I Wanna Show You is the third studio album by the Dutch group Twenty 4 Seven. It was released in December 1994 by CNR Music. The group received the Dutch Export Award of 1994 for this record. In 1996, the album also received a Golden Award in South Africa.
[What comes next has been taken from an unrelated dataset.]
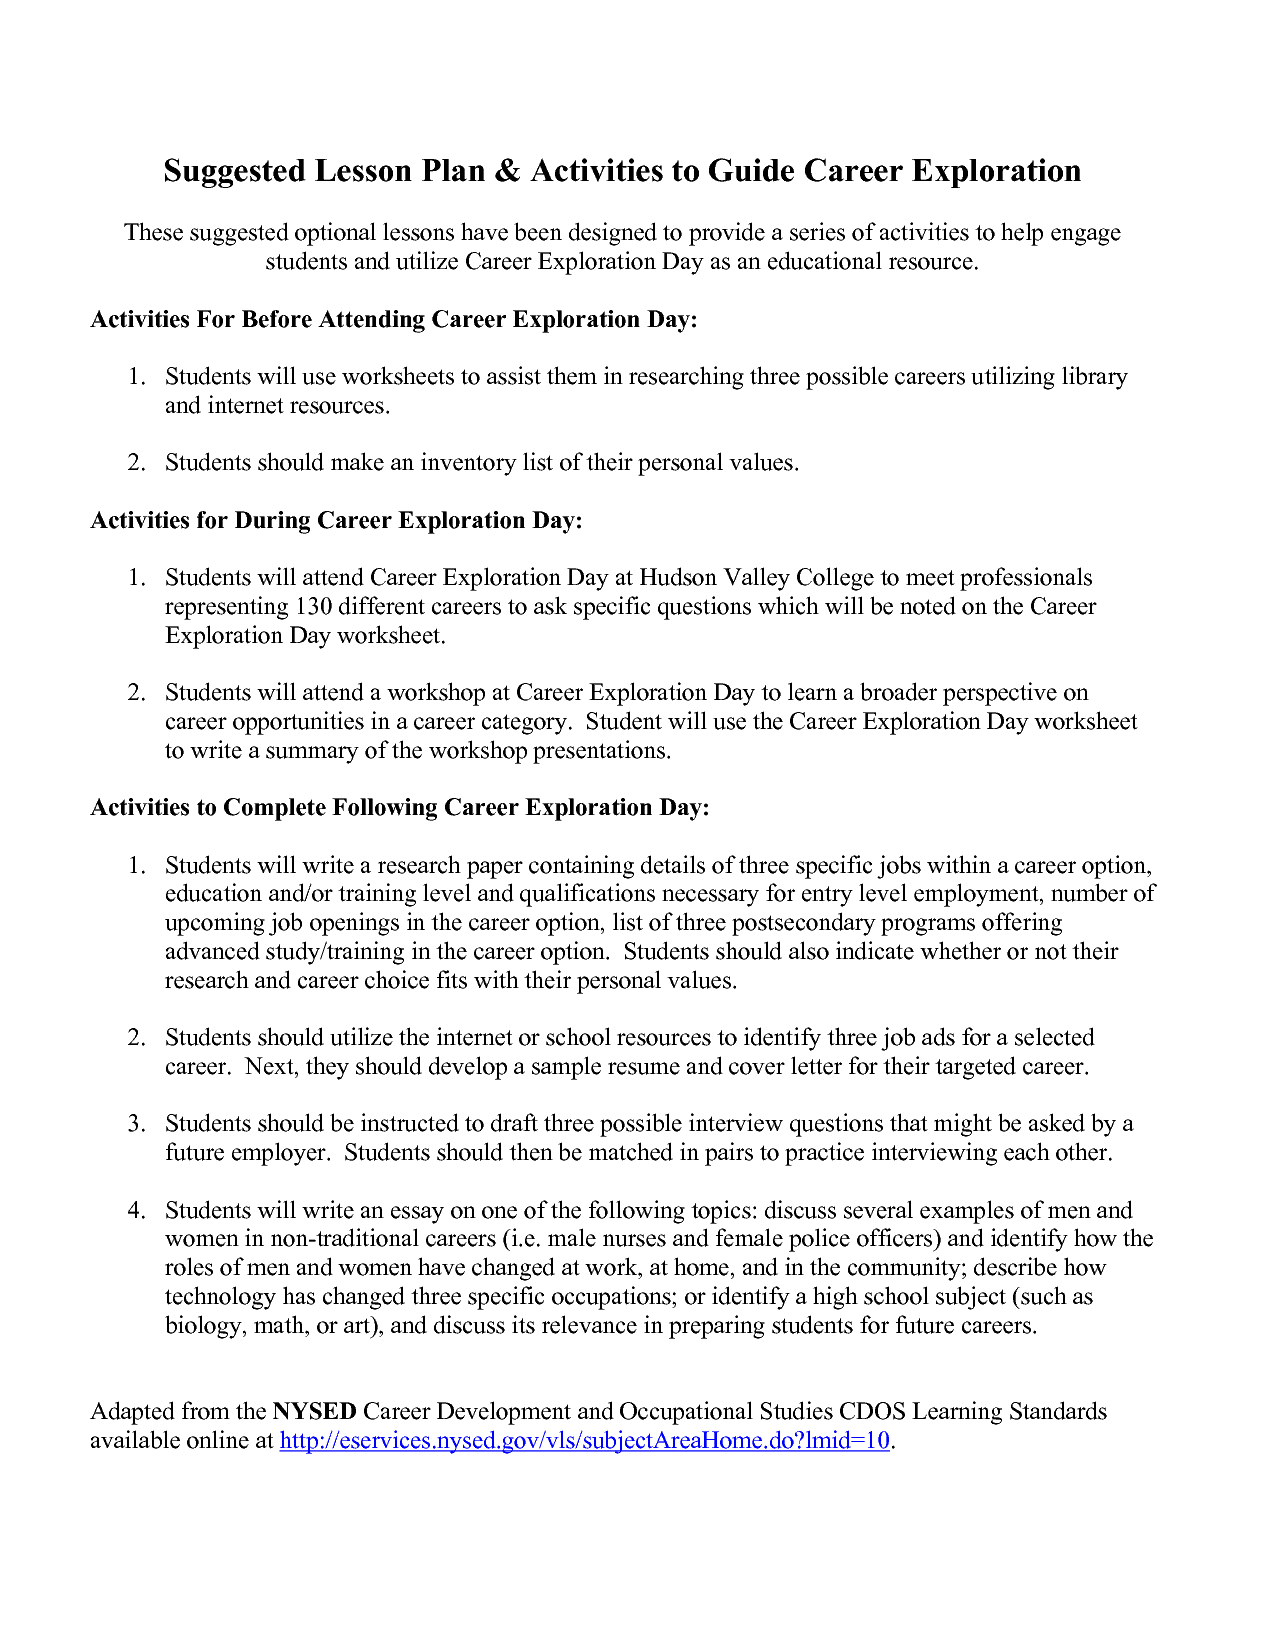 020 Research Paper Career Exploration Example Worksheets

It reached its highest position at №1 in the (RiSA) South African Album Charts. The album was released in Asia, Netherlands, Czech Republic, Hungary, Poland, Germany, Belarus, Russia, Brazil, Romania, Taiwan, South Africa and Australia. The album was not released in the United Kingdom.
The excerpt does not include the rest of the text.